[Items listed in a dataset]
-.-.-

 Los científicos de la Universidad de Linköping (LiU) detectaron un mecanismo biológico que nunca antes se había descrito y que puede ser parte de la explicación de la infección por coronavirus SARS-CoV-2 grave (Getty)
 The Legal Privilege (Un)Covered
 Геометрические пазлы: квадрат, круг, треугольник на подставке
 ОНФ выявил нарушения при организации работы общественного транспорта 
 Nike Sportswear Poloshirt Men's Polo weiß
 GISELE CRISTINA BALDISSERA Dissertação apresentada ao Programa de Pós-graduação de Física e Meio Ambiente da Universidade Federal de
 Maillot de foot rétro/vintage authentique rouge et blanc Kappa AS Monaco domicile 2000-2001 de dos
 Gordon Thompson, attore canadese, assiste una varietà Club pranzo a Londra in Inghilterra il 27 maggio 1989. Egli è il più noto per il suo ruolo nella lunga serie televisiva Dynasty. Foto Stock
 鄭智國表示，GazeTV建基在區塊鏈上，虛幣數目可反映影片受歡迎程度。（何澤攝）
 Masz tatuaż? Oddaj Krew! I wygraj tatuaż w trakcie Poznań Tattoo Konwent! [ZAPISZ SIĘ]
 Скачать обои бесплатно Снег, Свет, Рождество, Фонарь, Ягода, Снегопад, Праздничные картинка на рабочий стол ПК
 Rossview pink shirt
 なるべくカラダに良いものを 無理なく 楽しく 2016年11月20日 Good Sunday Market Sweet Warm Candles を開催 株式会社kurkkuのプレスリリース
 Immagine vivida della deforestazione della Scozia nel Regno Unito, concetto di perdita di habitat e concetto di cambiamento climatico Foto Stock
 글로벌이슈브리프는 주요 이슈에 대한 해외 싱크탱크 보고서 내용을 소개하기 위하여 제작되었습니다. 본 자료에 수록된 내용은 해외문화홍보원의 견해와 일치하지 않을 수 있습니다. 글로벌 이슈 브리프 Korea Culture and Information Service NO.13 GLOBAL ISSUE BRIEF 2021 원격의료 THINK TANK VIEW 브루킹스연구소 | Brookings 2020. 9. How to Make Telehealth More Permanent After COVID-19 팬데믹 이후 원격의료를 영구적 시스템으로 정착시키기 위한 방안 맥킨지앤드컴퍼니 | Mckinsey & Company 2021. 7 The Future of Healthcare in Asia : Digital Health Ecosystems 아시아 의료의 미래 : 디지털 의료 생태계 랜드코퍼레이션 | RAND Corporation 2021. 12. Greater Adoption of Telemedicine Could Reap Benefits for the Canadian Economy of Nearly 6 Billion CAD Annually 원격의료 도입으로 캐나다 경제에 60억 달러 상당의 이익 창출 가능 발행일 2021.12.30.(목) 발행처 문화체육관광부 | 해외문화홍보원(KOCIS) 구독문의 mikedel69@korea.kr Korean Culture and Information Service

-.-.-

→ ASSIGNMENT
Every line above from the line with "Masz tatuaż? Oddaj" to the line with "Immagine vivida della" is wanted, ends included; write them out exactly and add no other line.

→ OUTPUT OF THE TASK
 Masz tatuaż? Oddaj Krew! I wygraj tatuaż w trakcie Poznań Tattoo Konwent! [ZAPISZ SIĘ]
 Скачать обои бесплатно Снег, Свет, Рождество, Фонарь, Ягода, Снегопад, Праздничные картинка на рабочий стол ПК
 Rossview pink shirt
 なるべくカラダに良いものを 無理なく 楽しく 2016年11月20日 Good Sunday Market Sweet Warm Candles を開催 株式会社kurkkuのプレスリリース
 Immagine vivida della deforestazione della Scozia nel Regno Unito, concetto di perdita di habitat e concetto di cambiamento climatico Foto Stock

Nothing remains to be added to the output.